Pas de French Camp de l’AACC cette année, mais une plage RTL qui a l’intelligence d’y organiser nombre de rendez-vous français, servant de base arrière à l’écosystème hexagonal. La pétanque la Réclame en moins !
RSE contre metaverse
Que ce soit dans le Palais, les plages, les yachts (sic) ou les hôtels, la “sustainability” aurait pu faire partie du bingo de toute bonne conférence cannoise. Mention spéciale pour la conférence “By 2030 Every Ad Will Be a Green Ad” réunissant les grandes holdings publicitaires au Palais. Ou bien “Sustainability in Advertising – Can Coffee Save the World?” faisant se rencontrer Lavazza, Amazon et la planète autour d’un café.
Si les angles de ces conférences étaient plus orientés croissance verte que décroissance, les membres de Greenpeace sont venus jouer les “casseurs d’ambiance en soirée” avec un voilier jetant l’ancre au large d’où partaient chaque jour des happenings millimétrés de la part de cette ONG experte en communication. De la cérémonie de remise des prix interrompue, à la plage de WPP envahie pour protester contre la publicité pour les énergies fossiles, jusqu’à l’échelle de pompier permettant au meme canin “this is fine” de surplomber le tapis rouge du Palais.

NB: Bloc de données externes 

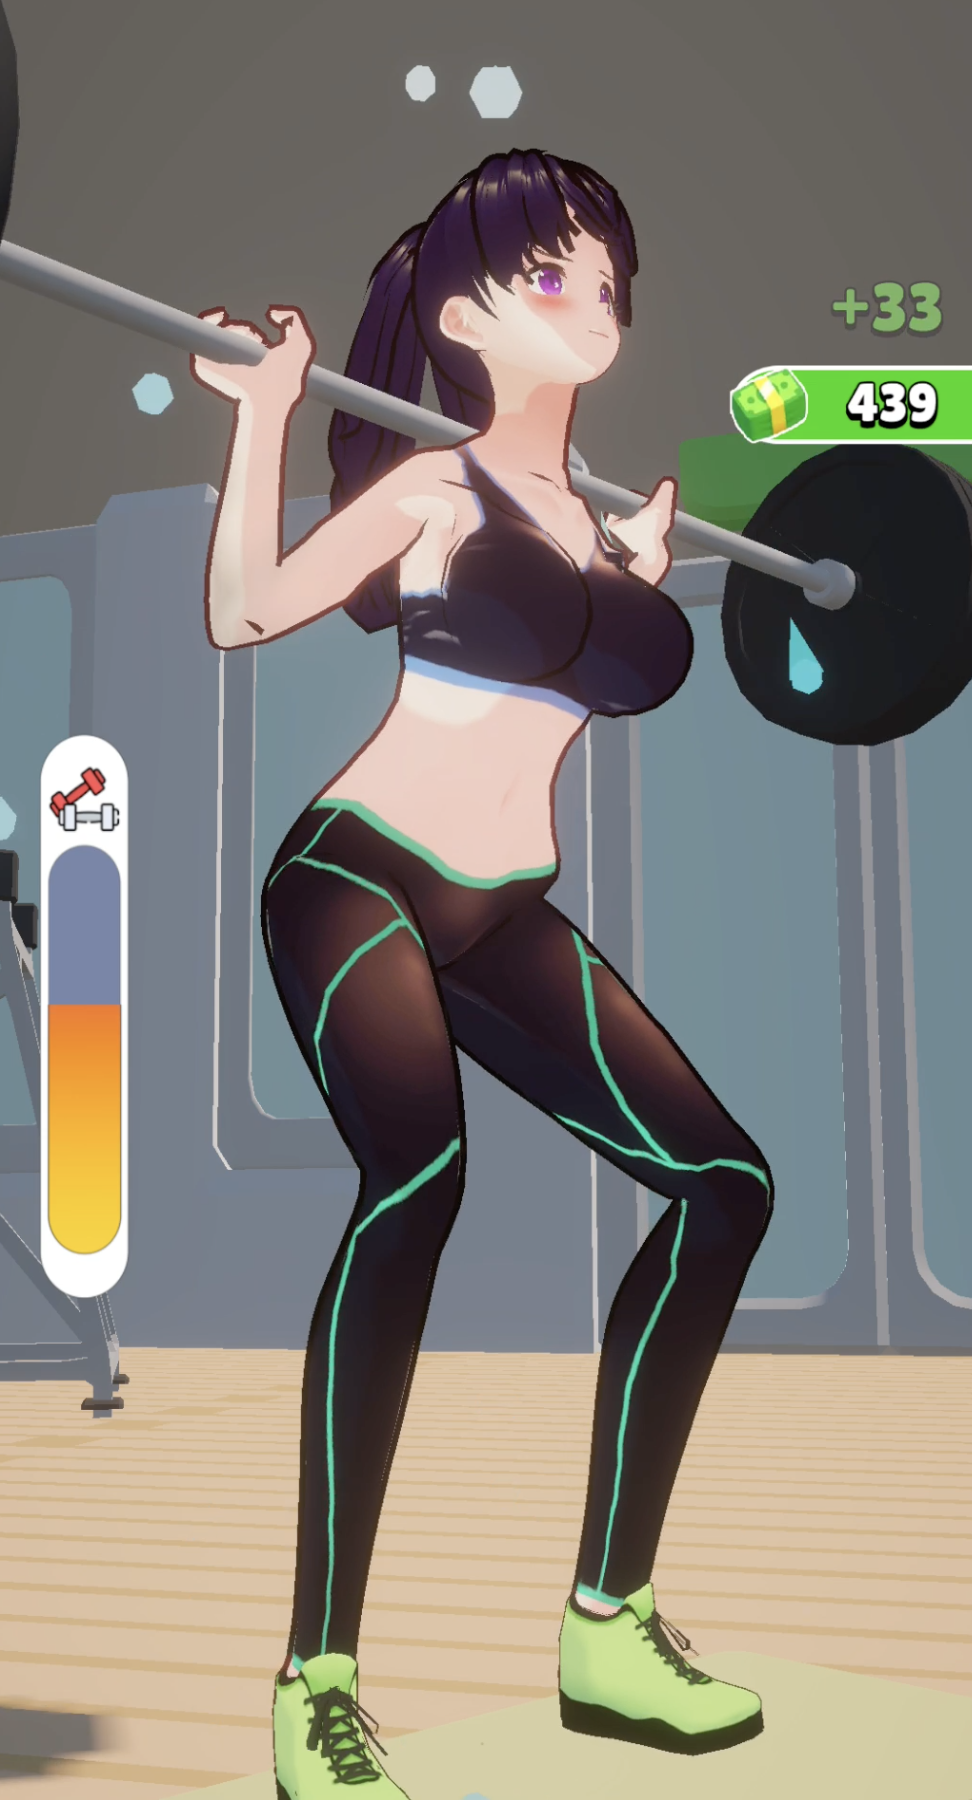 Gym Girl Anime Girl Poster | eBay

De quoi réhausser le cahier des charges d’une industrie qui parle beaucoup de RSE, mais a encore du mal à la mettre en pratique pour elle-même lors d’un événement au bilan carbone relevé, entre déplacements en avion depuis les 5 continents… ou depuis Paris.

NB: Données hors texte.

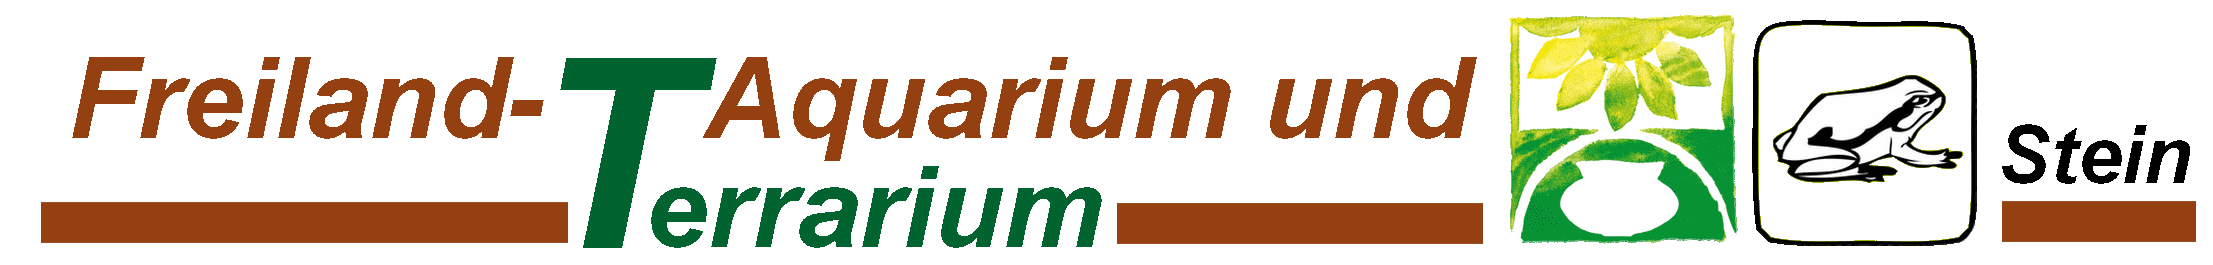 Freiland-Aquarium und -Terrarium Stein

Autre tendance forte du moment : le metaverse, le web3 et les NFT. On les retrouvait dans les programmes des conférences et workshops, mais aussi dans les expériences proposées sur les plages. Meta mettait les bouchées doubles pour faire la démonstration de son expertise AR et metaverse. Pendant que Snap s’associait à Vogue pour proposer son propre musée du style augmenté. Bref, un peu d’utopie technologique pour une population qui hésite encore entre course en avant consumériste et prise en compte des limites de notre monde. La conférence “Sustainability in the Metaverse, Media and Brand Accountability and Luxury” tentait de faire le pont entre ces deux univers qui se croisent rarement.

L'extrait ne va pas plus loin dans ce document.